What to do during email bombing
Email bombing is a sudden flood of hundreds or thousands of messages. It may be harassment, but it can also hide one important alert about a bank transfer, store order, password reset, or account takeover. Do not mass-delete the flood first.
- Search the inbox for words such as order, receipt, password, security, verification, payment, and login.
- Check bank, PayPal, shopping, crypto, cloud, Microsoft, Google, and Apple accounts from official apps or websites.
- Save a few sample messages if you need to report abuse.
- Create filters after you confirm there is no hidden transaction or login alert.

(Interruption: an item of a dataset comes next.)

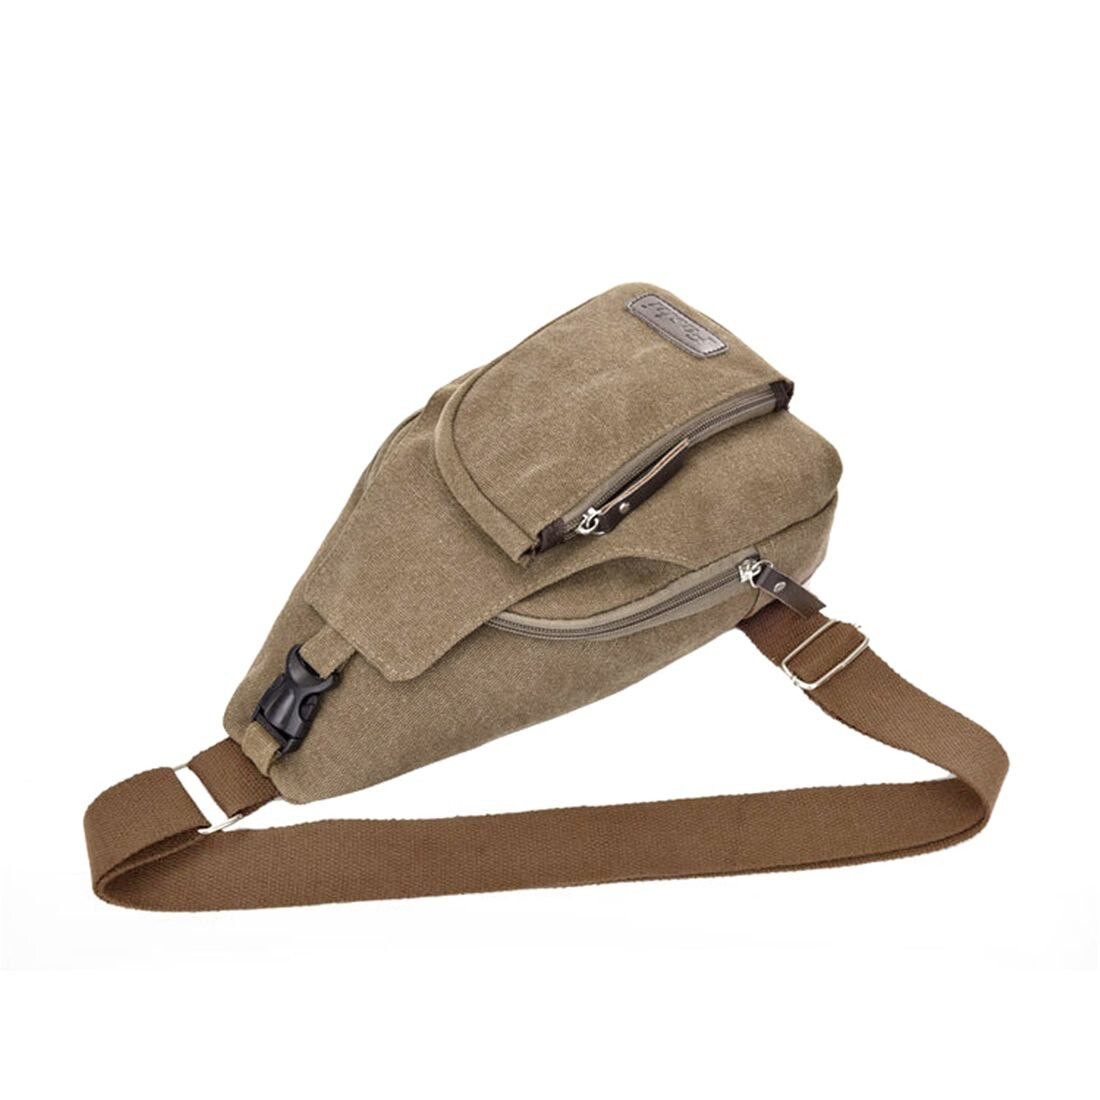 hot casual unisex canvas chest bag multi-function outdoor hiking sports large Messenger bag shoulder bag - ebowsos

What if you clicked a spam email?
If you clicked a link, opened an attachment, replied, called a phone number, entered a password, or paid money, move to the action-based guide: Is Spam Email Dangerous? Risks and What to Do After a Click. That page separates low-risk opening from high-risk clicks, attachments, credentials, and payment mistakes.
Long-term spam prevention checklist
- Use a separate alias for shopping, newsletters, forums, and downloads.
- Keep your main email private on public websites and social profiles.
- Use unique passwords so a breached site does not expose your email account.
- Turn on two-factor authentication for email before other accounts.
- Review account recovery settings every few months.
- Keep your browser and mail app updated.
- Check suspicious links or attachments before opening them with the Gridinsoft Online Virus Scanner.
FAQ
Can I block all spam emails permanently?
No. You can reduce spam and make filtering stronger, but spam senders rotate domains, lists, and spoofed addresses. Reporting, filters, aliases, and account security work better than relying on one block list.
Is it safe to unsubscribe from spam?
Only unsubscribe from legitimate newsletters or services you recognize. For unknown spam, use the mail app’s spam or phishing report button instead.
Why do blocked senders keep coming back?
The sender address may be spoofed or rotated. Use filters for patterns, report the messages, and avoid replying or clicking anything that confirms your address is active.
Should I delete spam immediately?
For ordinary spam, reporting then deleting is fine. During email bombing, search for hidden account, payment, and password-reset alerts before deleting the flood.